▶ **Available data**

▬▬▬▬▬▬▬▬▬▬

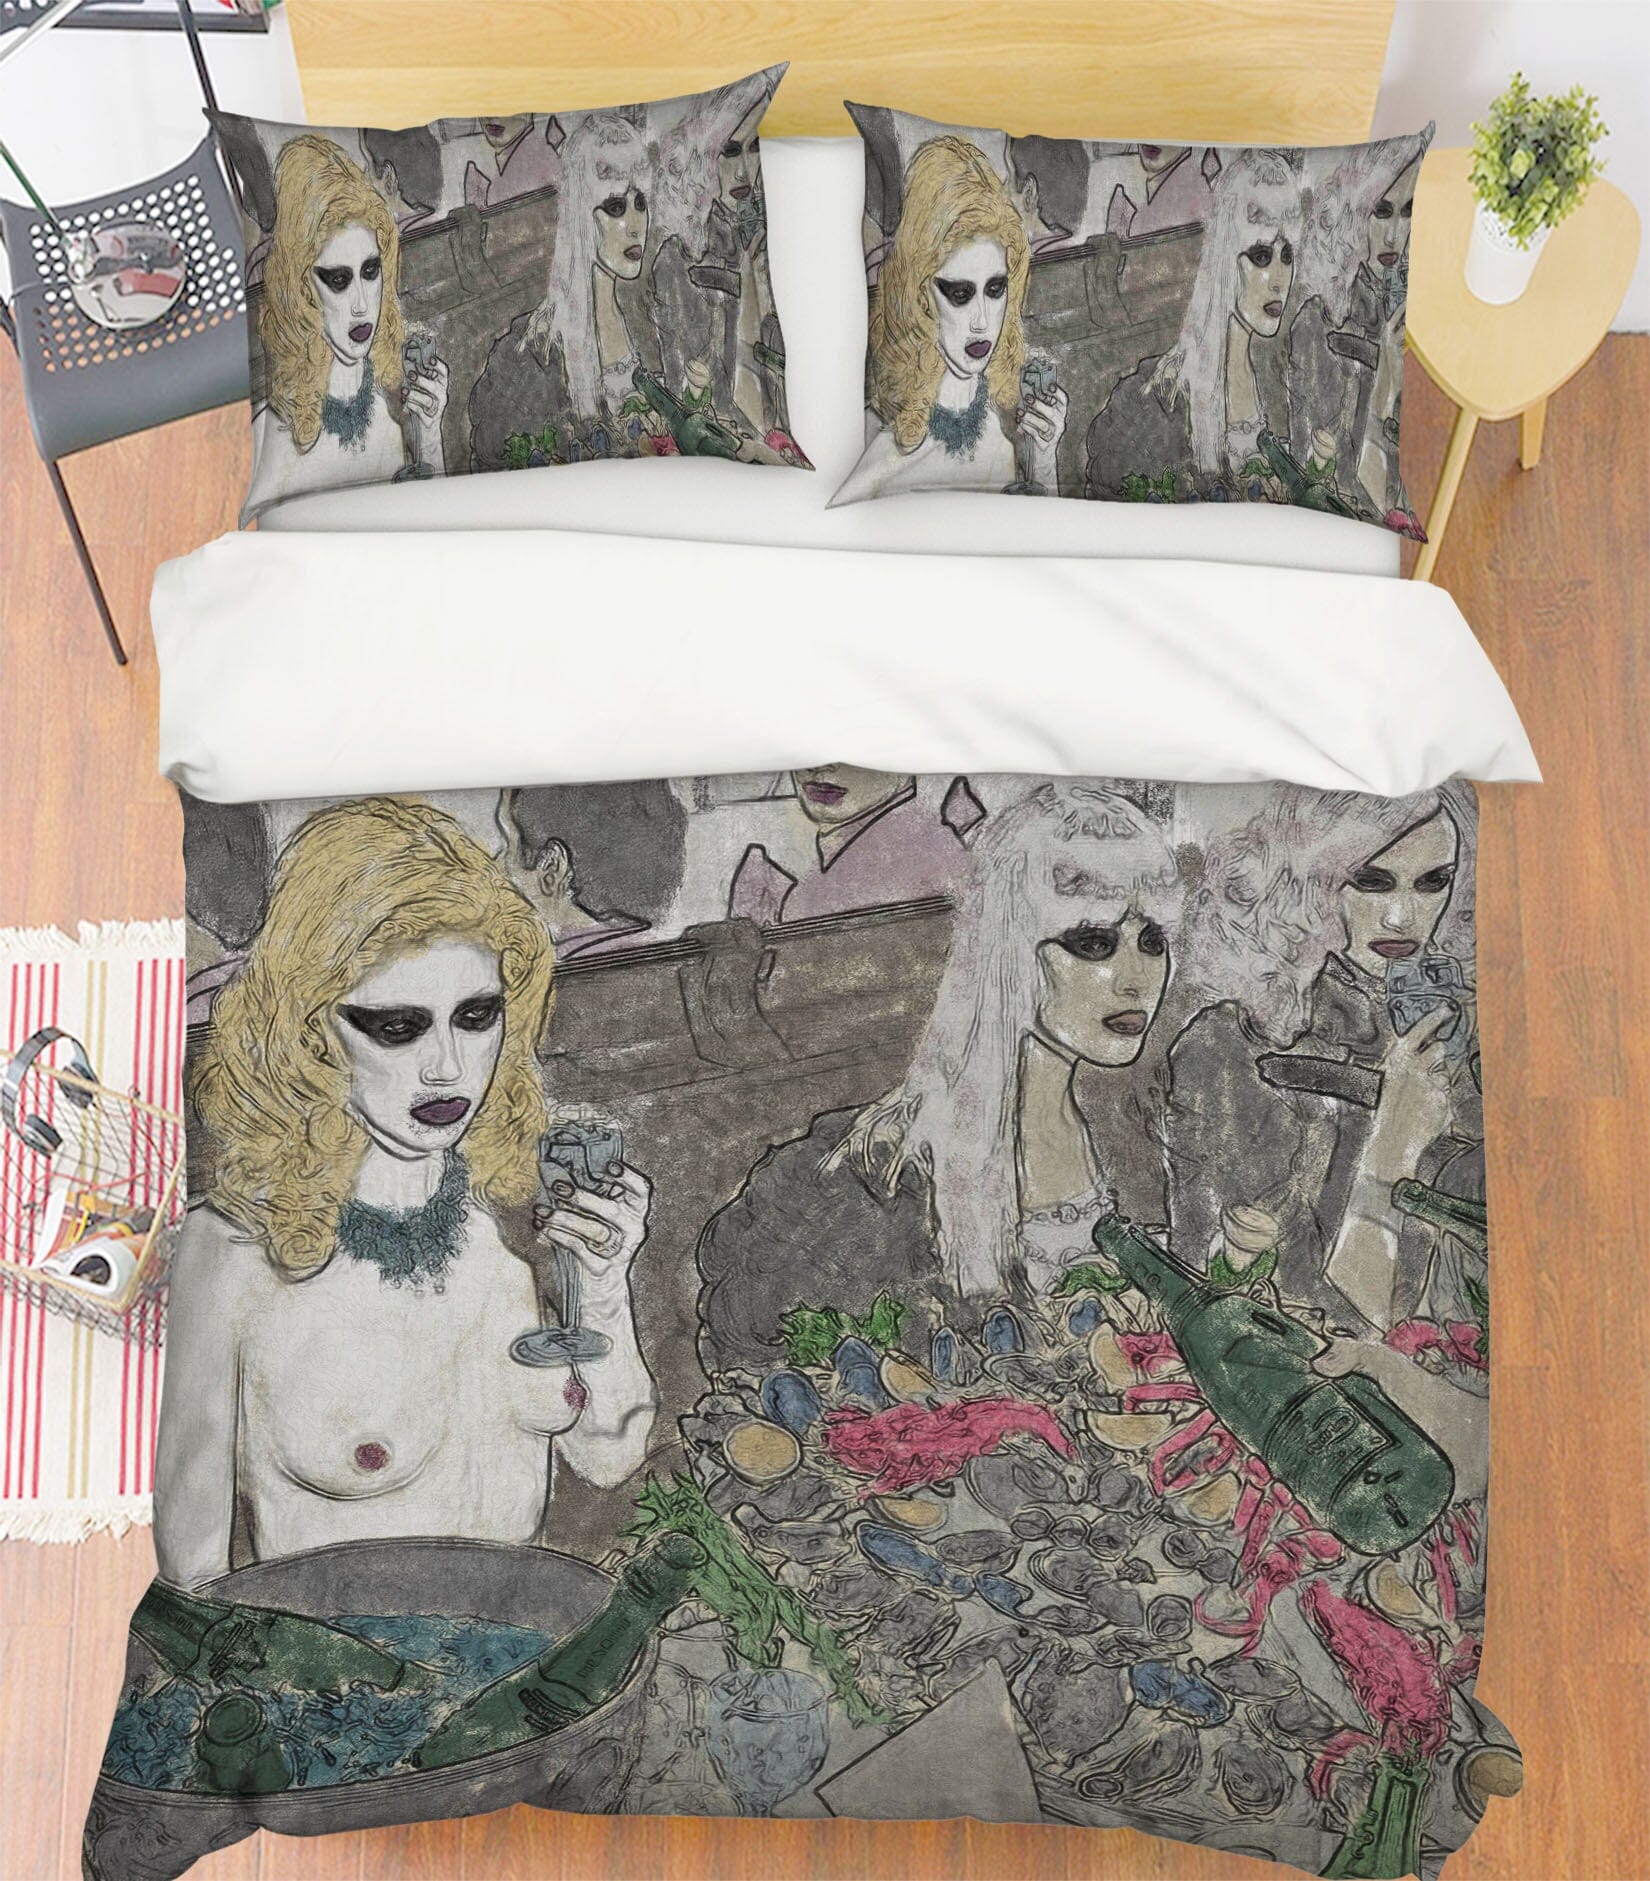 3D Girl Garden 2004 Marco Cavazzana Bedding Bed Pillowcases Quilt Quiet Covers AJ Creativity Home 
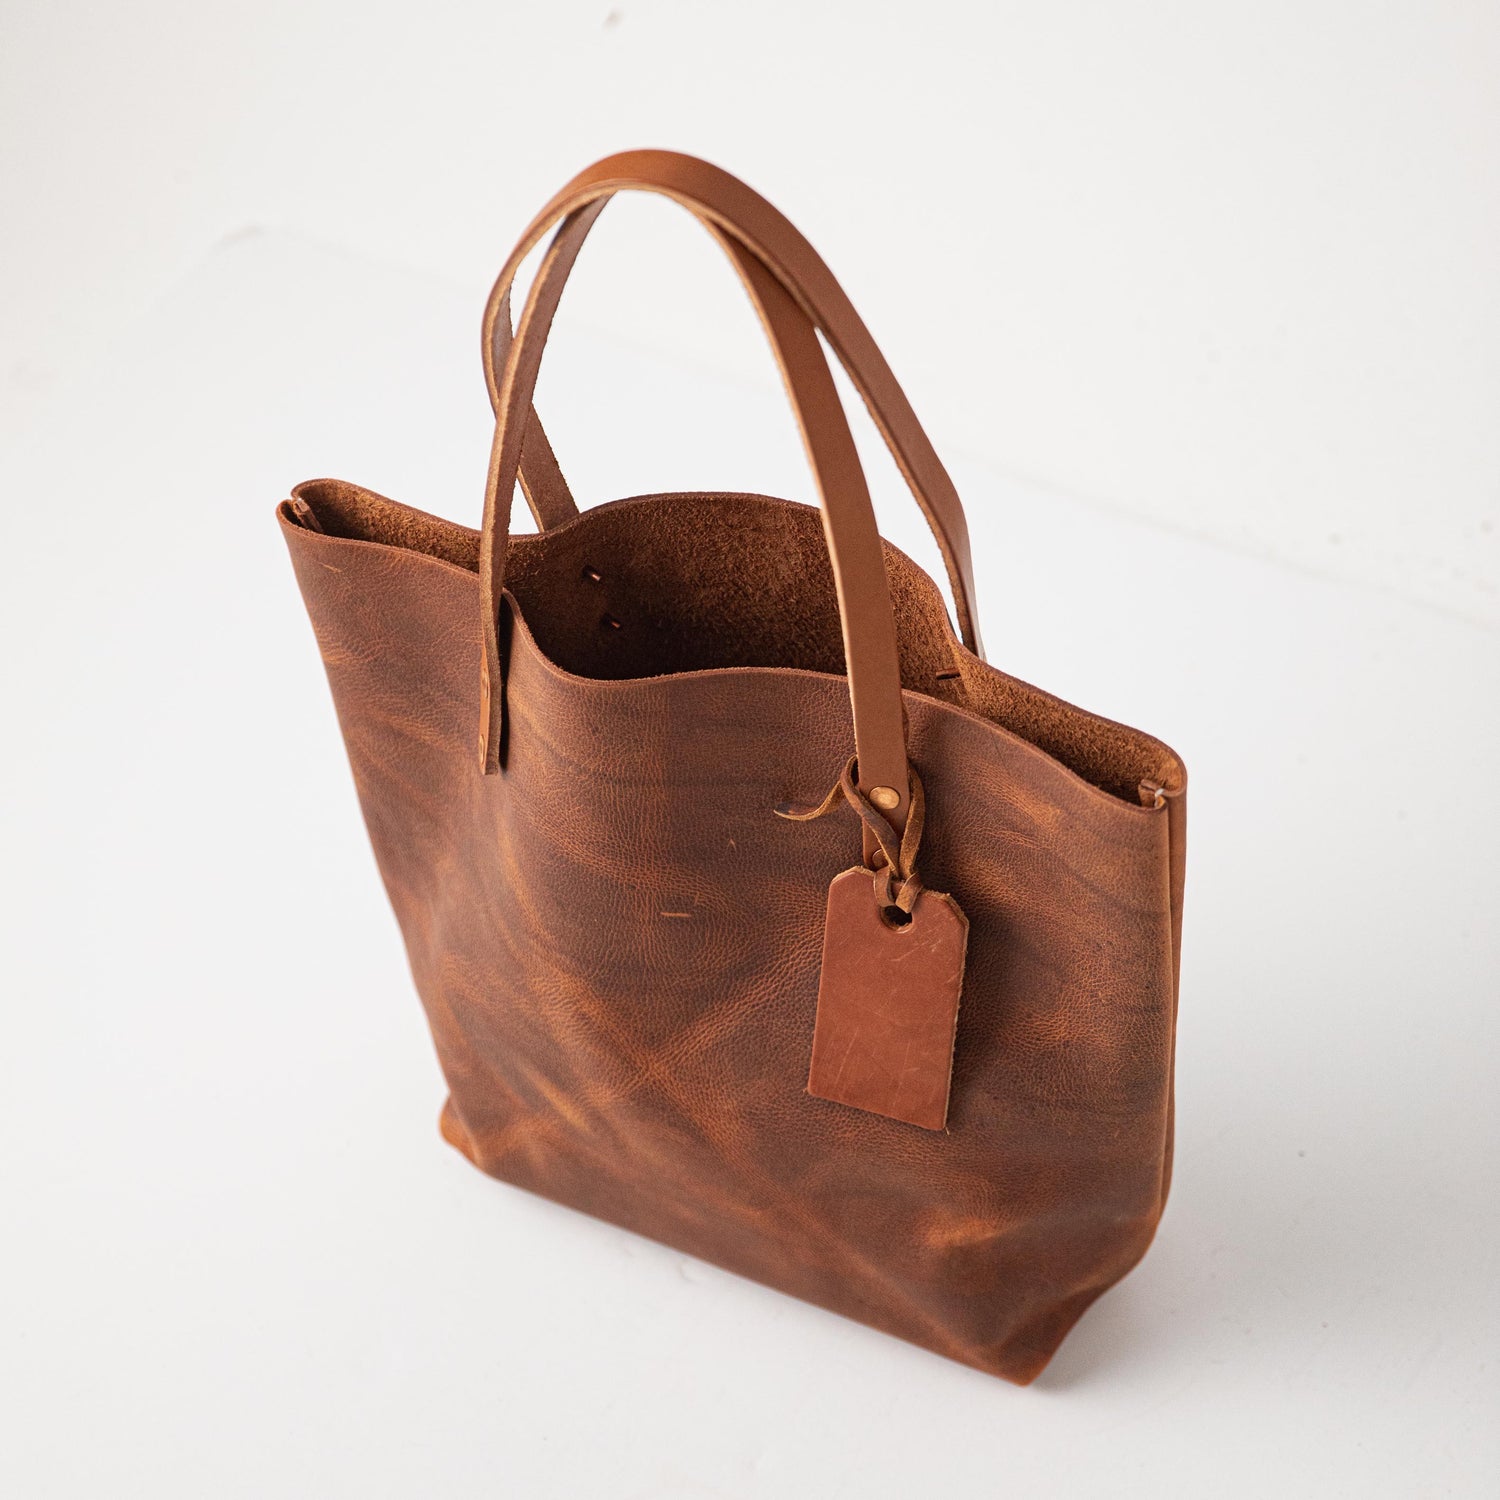 Leather Handbags, Bags
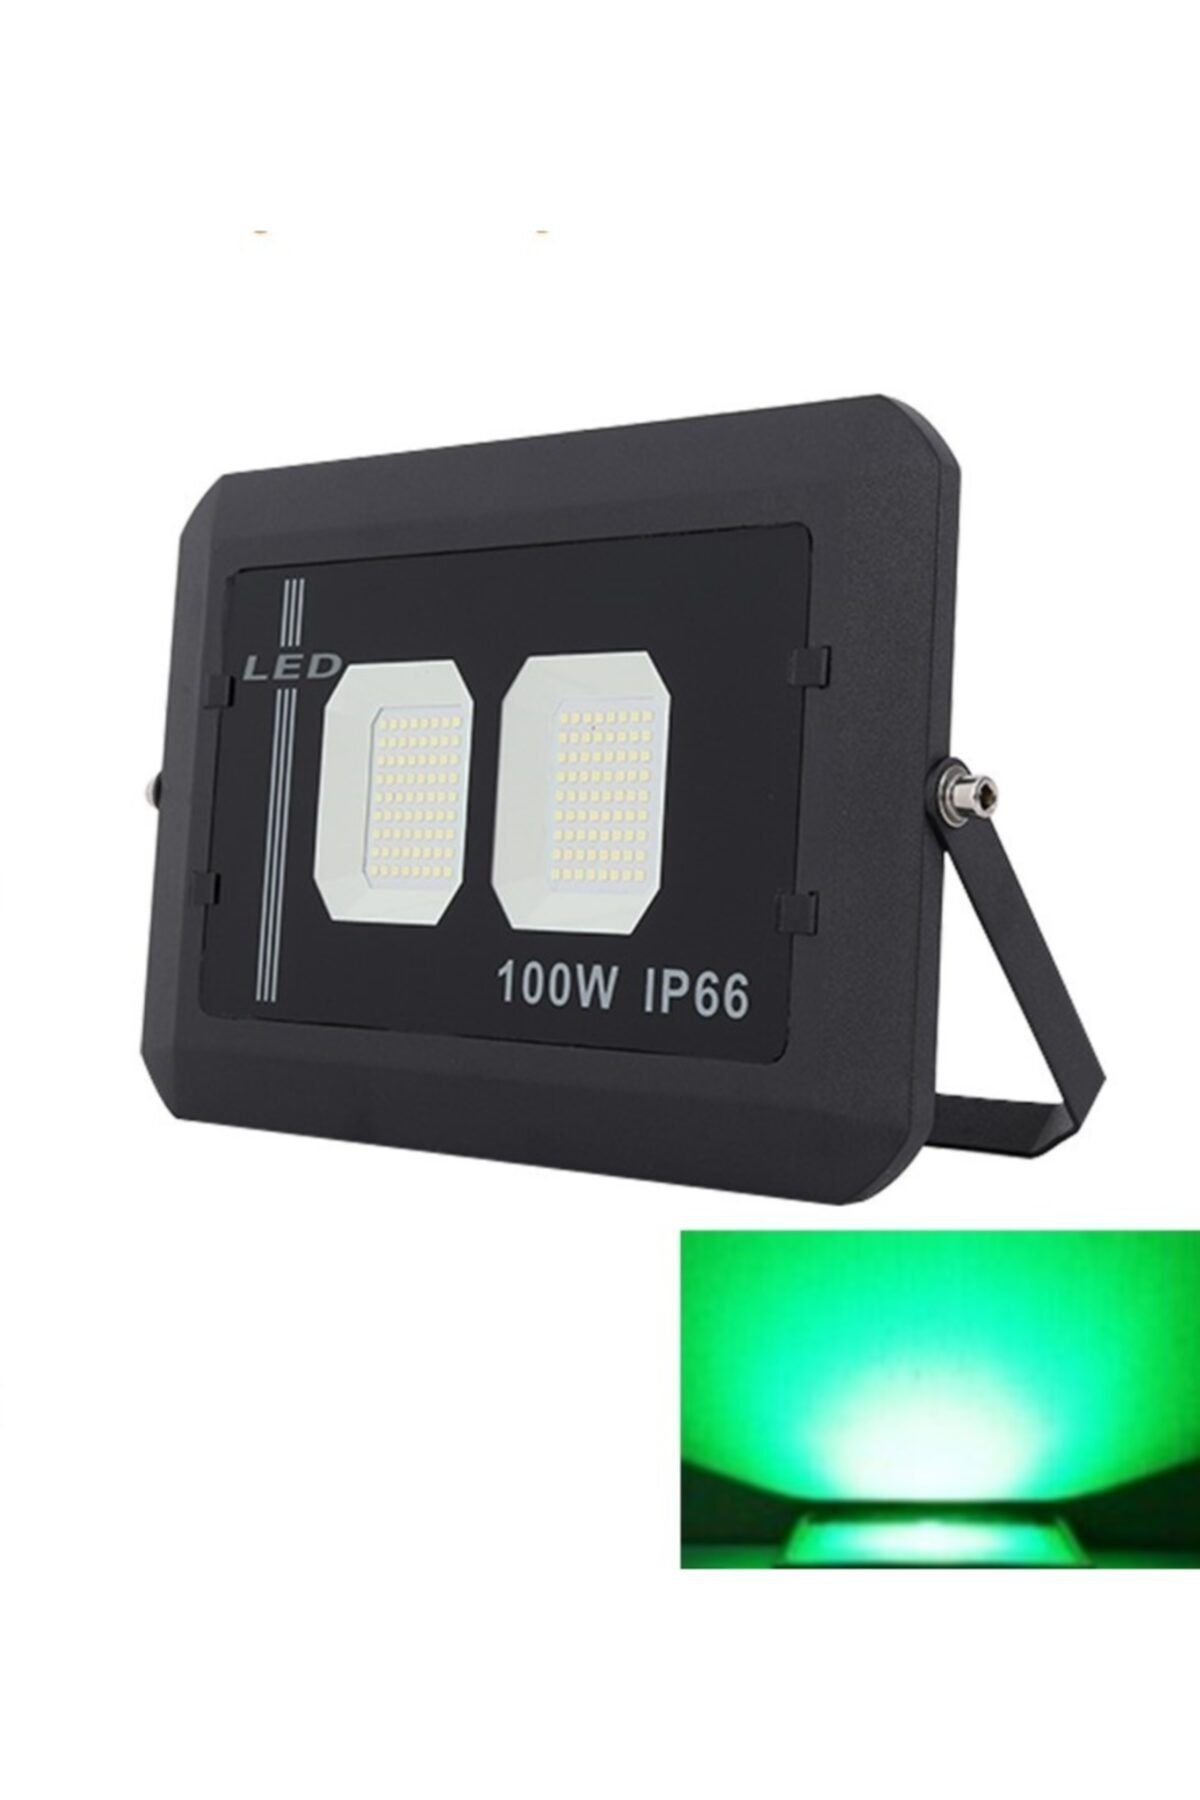 qenos 100 Watt Smd Led Projektör 10500 Lumen Ip 66 - 525 Kelvın – Yeşil Işık 1 Adet
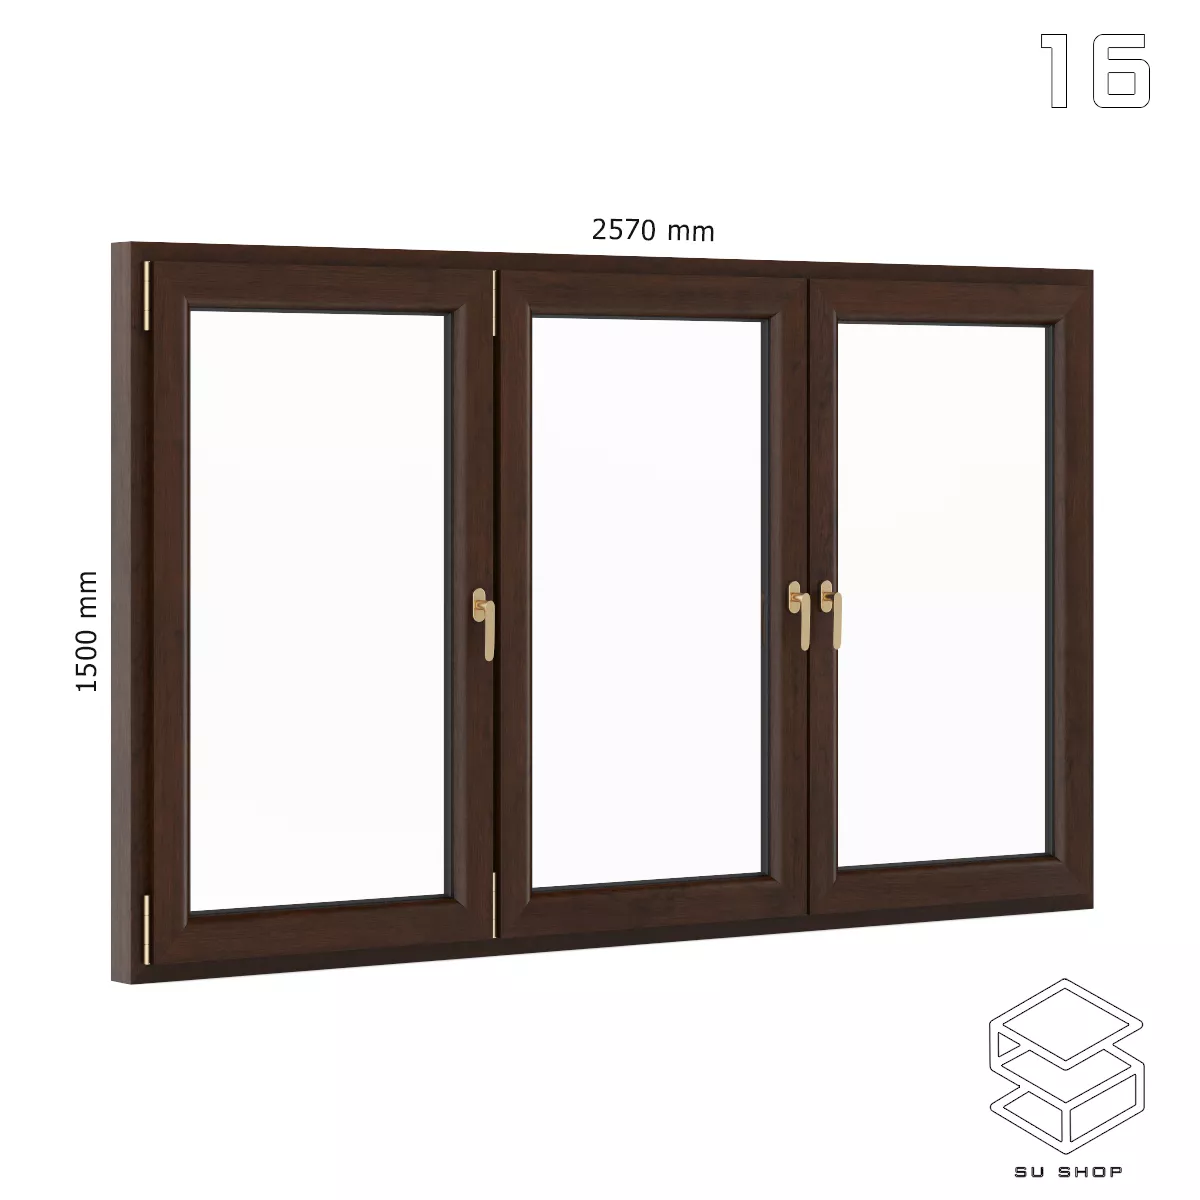 MODERN WINDOWS - SKETCHUP 3D MODEL - VRAY OR ENSCAPE - ID16755

▬▬▬▬▬▬▬▬▬▬

▶ **Exercise details**
Starting at the line that contains "qenos 100 Watt", retype each line through the end of the data exactly, and leave out every picture.

▶ **Output for this exercise**
 qenos 100 Watt Smd Led Projektör 10500 Lumen Ip 66 - 525 Kelvın – Yeşil Işık 1 Adet
 MODERN WINDOWS - SKETCHUP 3D MODEL - VRAY OR ENSCAPE - ID16755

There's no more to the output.